European shares slip from multi-year highs
* FTSEurofirst 300 down 0.1 pct, Euro STOXX 50 down 0.5 pct
* Investors book recent lofty gains on defensive sectors
* Sanofi turns ex-dividend, weighs on France's CAC 40
PARIS, May 9 (Reuters) - European stock investors cashed in on recent lofty gains on defensive sectors such as pharma and utilities on Thursday, knocking shares from multi-year highs.
Bucking the trend, Spanish oil group Repsol rose 1.2 percent, lifted by results showing a forecast-beating 47 percent jump in adjusted net profit.
At 0745 GMT, the FTSEurofirst 300 index of top European shares was down 0.1 percent at 1,228.03 points, slipping from a near five-year high hit on Wednesday, while the euro zone's Euro STOXX 50 index was down 0.5 percent at 2,771.87 points, retreating from a near two-year high.
Technical momentum indicators have been signalling that the two benchmark indexes were ripe for a retreat.
"We're seeing excessive optimism, with more and more retail investors turning bullish, which is never a good sign," said Guillaume Dumans, co-ahead of 2Bremans, a Paris-based research firm using behavioural finance to monitor investor sentiment.

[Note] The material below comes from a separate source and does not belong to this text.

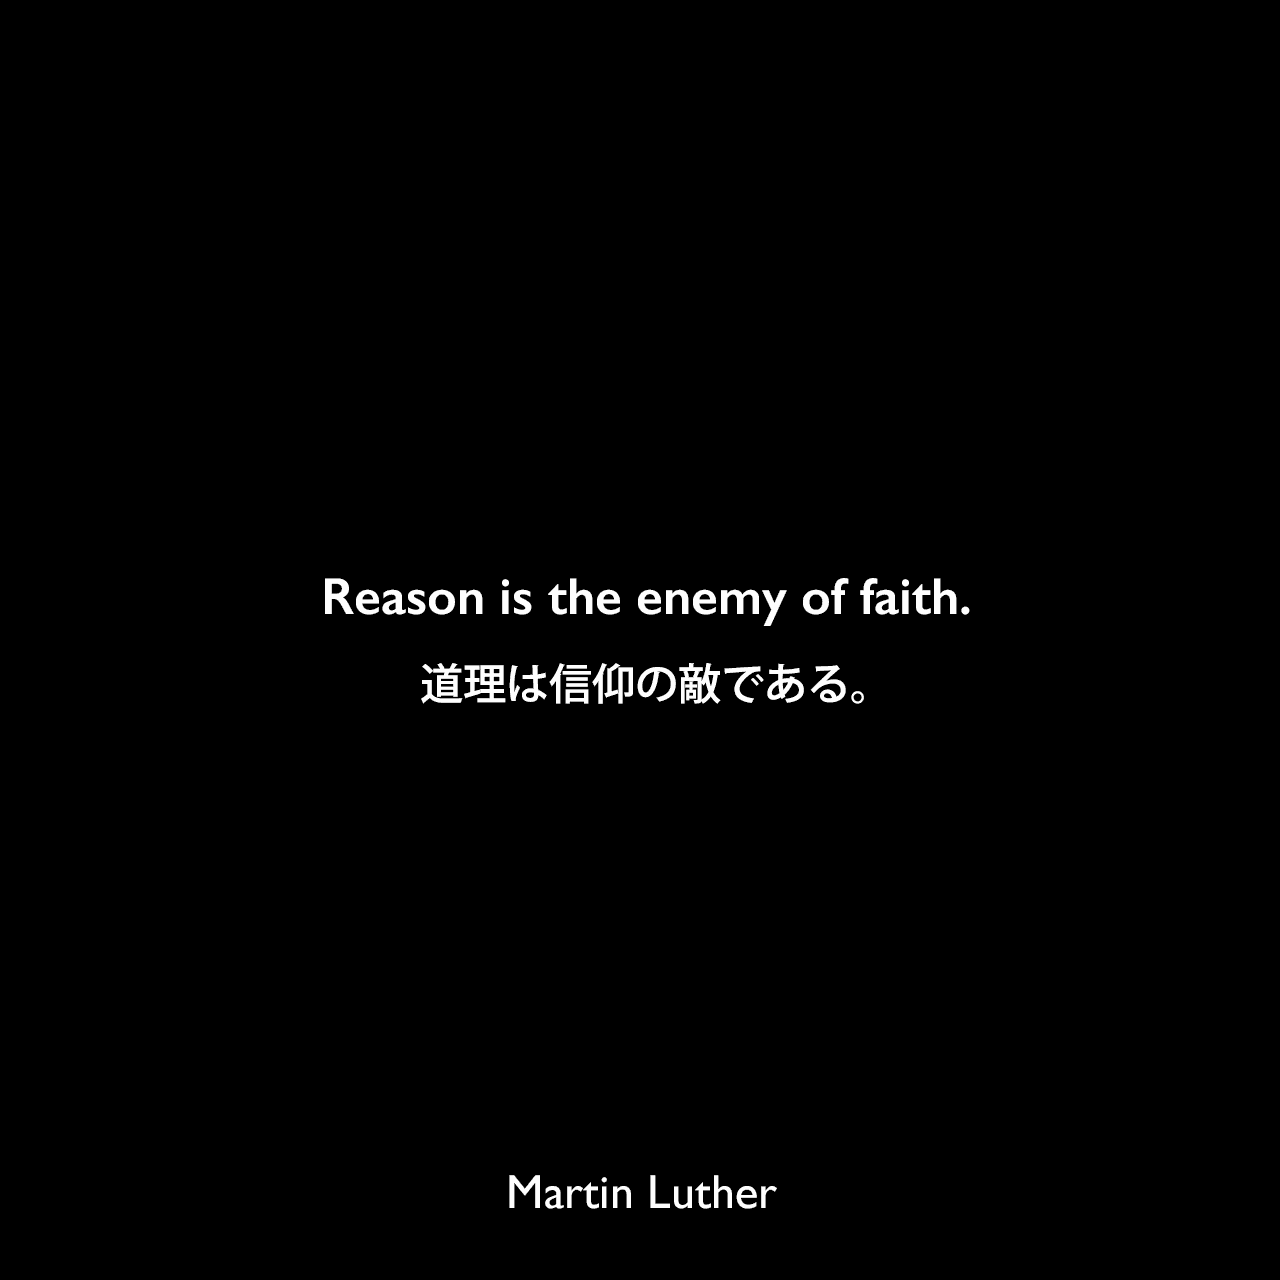 Reason is the enemy of faith.道理は信仰の敵である。- マルティン・ルターによる本「Table Talk」よりMartin Luther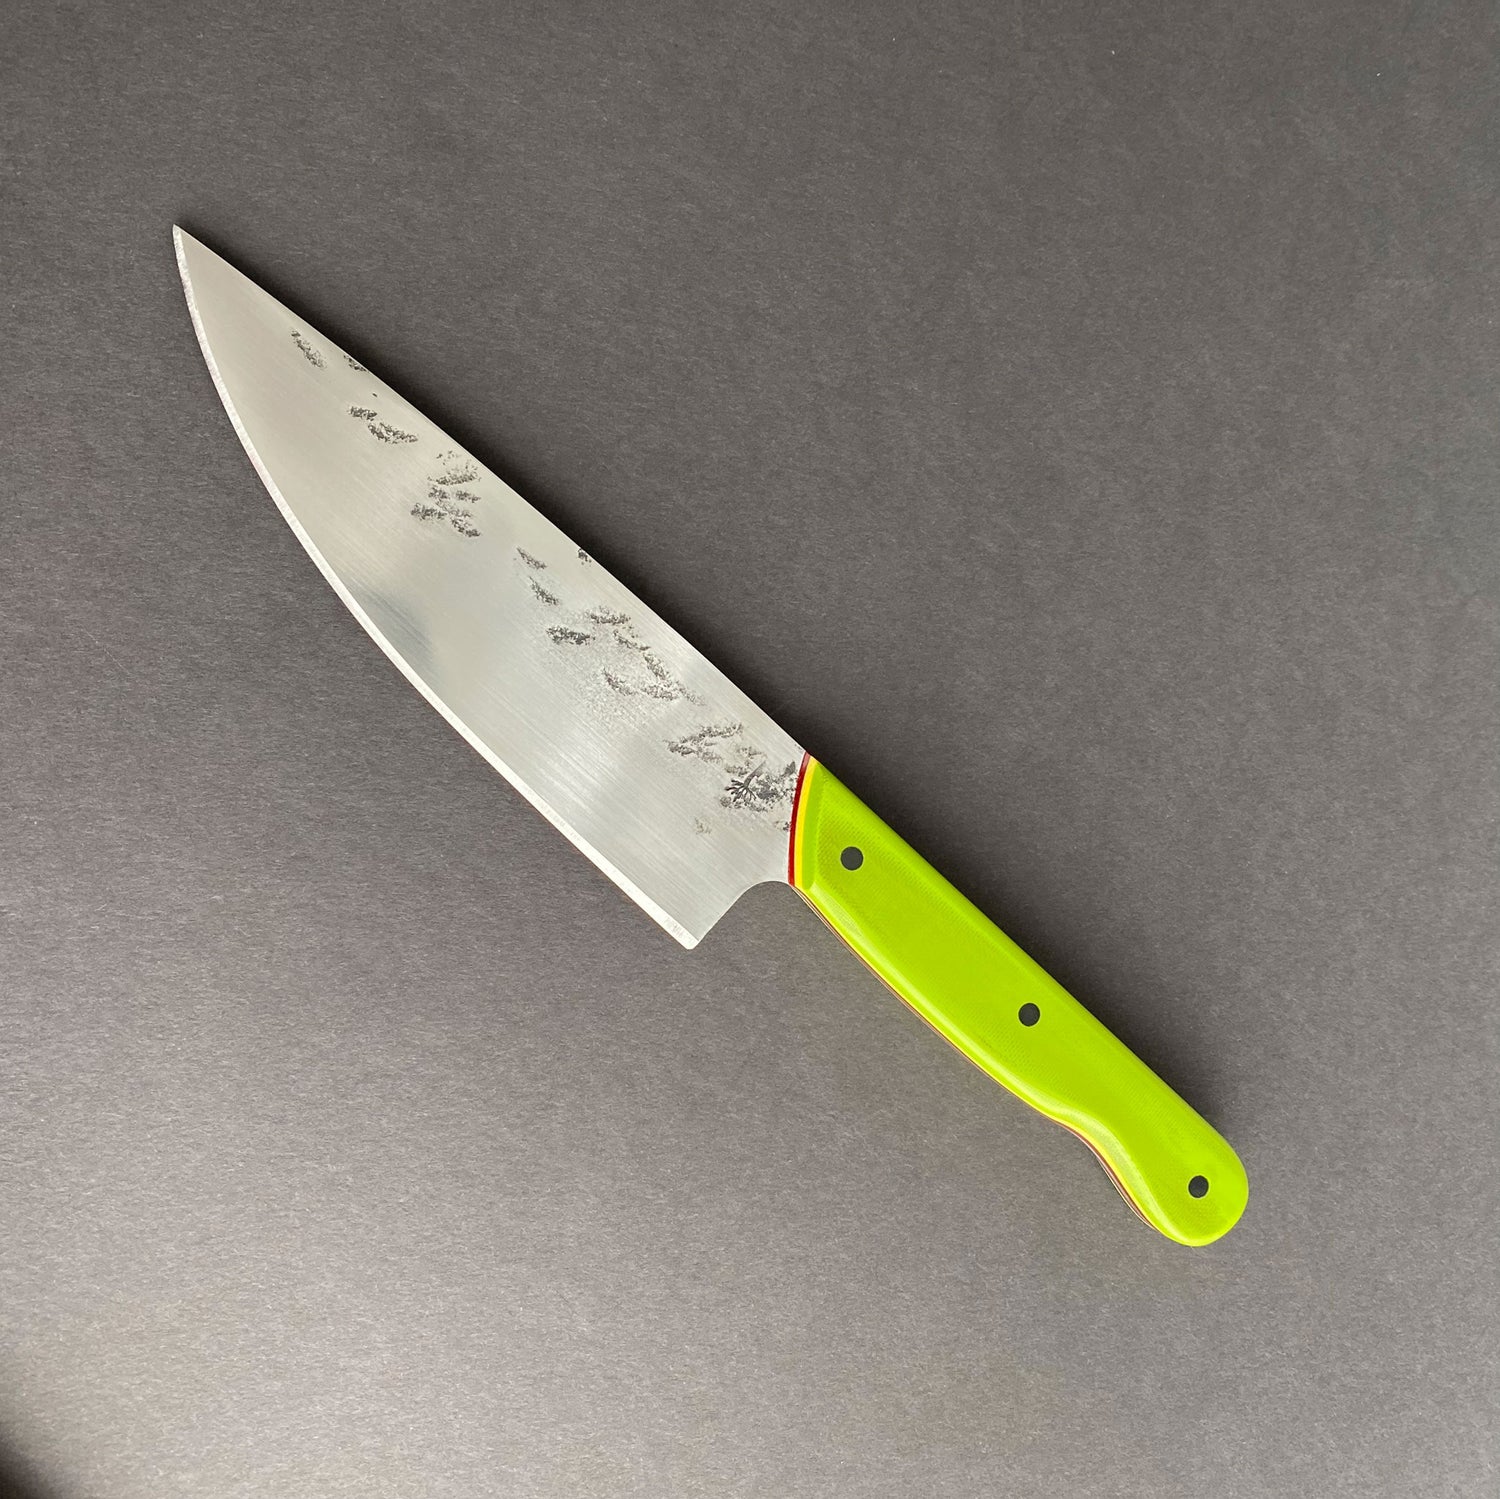 Skarpari Knives - Available

Pharmaceutical stocks edged lower, taking a breather after the sector surged more than 20 percent in the past six months.
AstraZeneca fell 0.5 percent while Sanofi fell 1.2 percent as it was going ex-dividend on Thursday, after which investors will no longer qualify for the latest dividend.
The drop in shares of Sanofi, Paris's biggest stock by market capitalisation, weighed on the CAC 40, which was down 0.7 percent.
Other defensive stocks also retreated, with German utility E.ON losing 0.9 percent and UK telecom operator Vodafone down 0.5 percent.
The FTSEurofirst 300 and the Euro STOXX 50 have risen about 7 and 9 percent respectively over the past three weeks on the back of strong support from central banks.
"The mood seems quite positive, and we're seeing inflows into equities mostly due to the strong liquidity, but with no visibility on the macro front and no signal that Europe might be turning the corner in the next 9 to 12 months, this rally is fragile," a Paris-based equity trader said.
Volume may be lighter than usual. Swiss, Austrian and Nordic markets are shut for national holidays.